Inhibition of the isoforms of nitric oxide synthase (NOS) has important applications in therapy of several diseases, including cancer. Using 1400W [N-(3-aminomethylbenzyl)acetamidine], thiocitrulline and N δ-(4,5-dihydrothiazol-2-yl)ornithine as lead compounds, series of N-benzyl- and N-phenyl-2-amino-4,5-dihydrothiazoles and thioureas were designed as inhibitors of NOS. Ring-substituted benzyl and phenyl isothiocyanates were synthesised by condensation of the corresponding amines with thiophosgene and addition of ammonia gave the corresponding thioureas in high yields. The substituted 2-amino-4,5-dihydrothiazoles were approached by two routes. Treatment of simple benzylamines with 2-methylthio-4,5-dihydrothiazole at 180 °C afforded the corresponding 2-benzylamino-4,5-dihydrothiazoles.
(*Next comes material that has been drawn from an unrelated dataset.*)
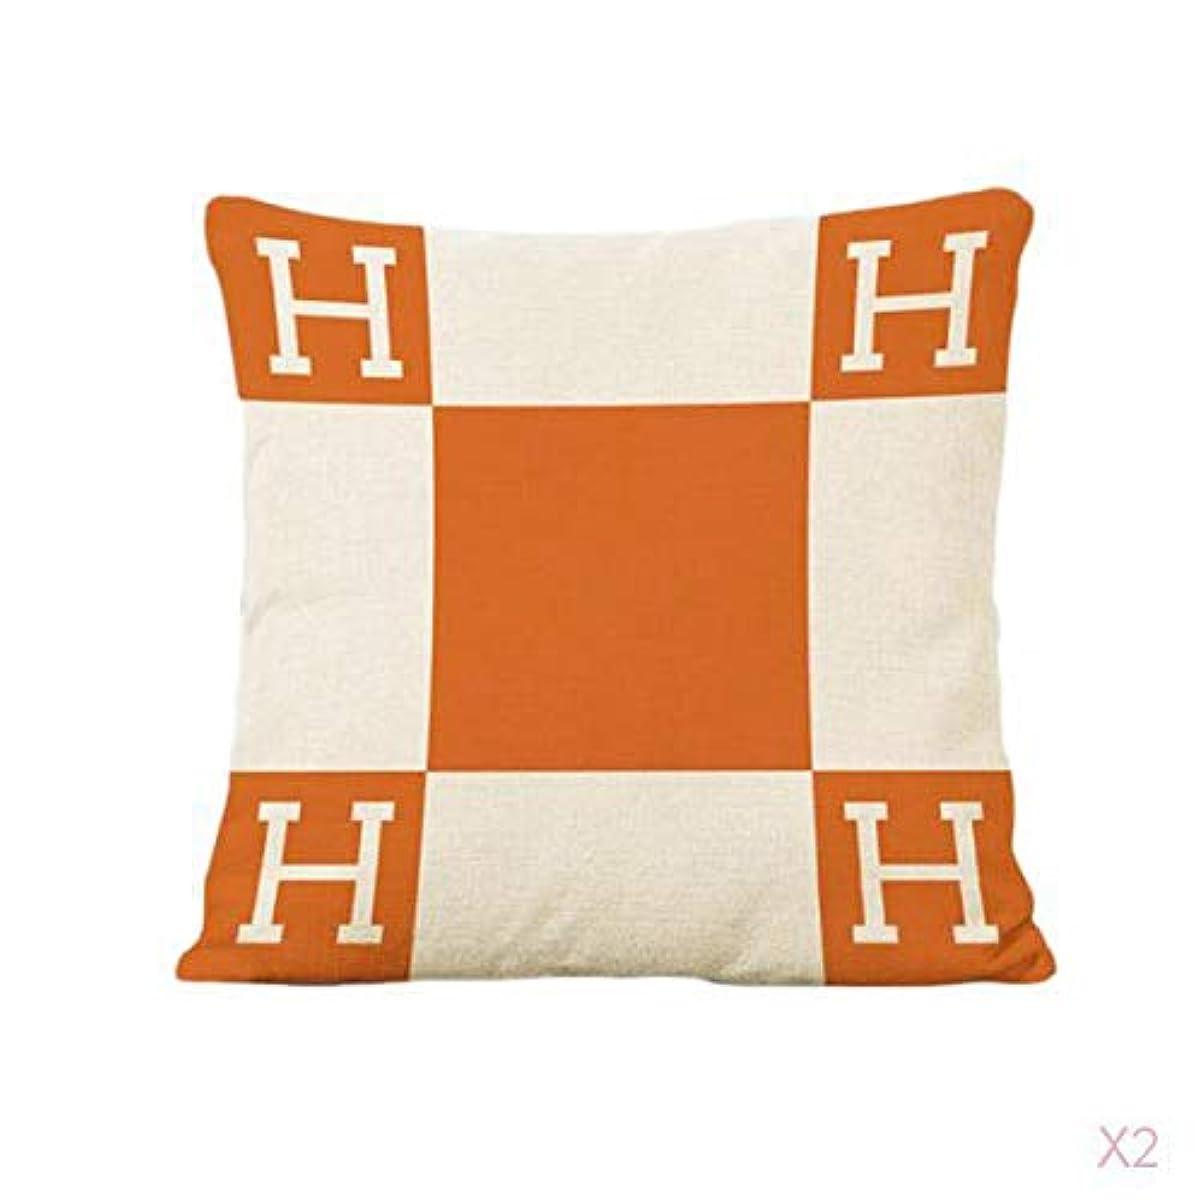 FLAMEER コットンリネンピローケース腰投げクッションカバーH-グリッド家の装飾オレンジ

For less nucleophilic amines and those carrying more thermally labile substituents, the 4,5-dihydrothiazoles were approached by acid-catalysed cyclisation of N-(2-hydroxyethyl)thioureas. This cyclisation was shown to proceed by an SN2-like process. Modest inhibitory activity was shown by most of the thioureas and 4,5-dihydrothiazoles, with N-(3-aminomethylphenyl)thiourea (IC50=13 μM vs rat neuronal NOS and IC50=23 μM vs rat inducible NOS) and 2-(3-aminomethylphenylamino)-4,5-dihydrothiazole (IC50=13 μM vs rat neuronal NOS and IC50=19 μM vs human inducible NOS) being the most potent. Several thioureas and 4,5-dihydrothiazoles were found to stimulate the activity of human inducible NOS in a time-dependent manner.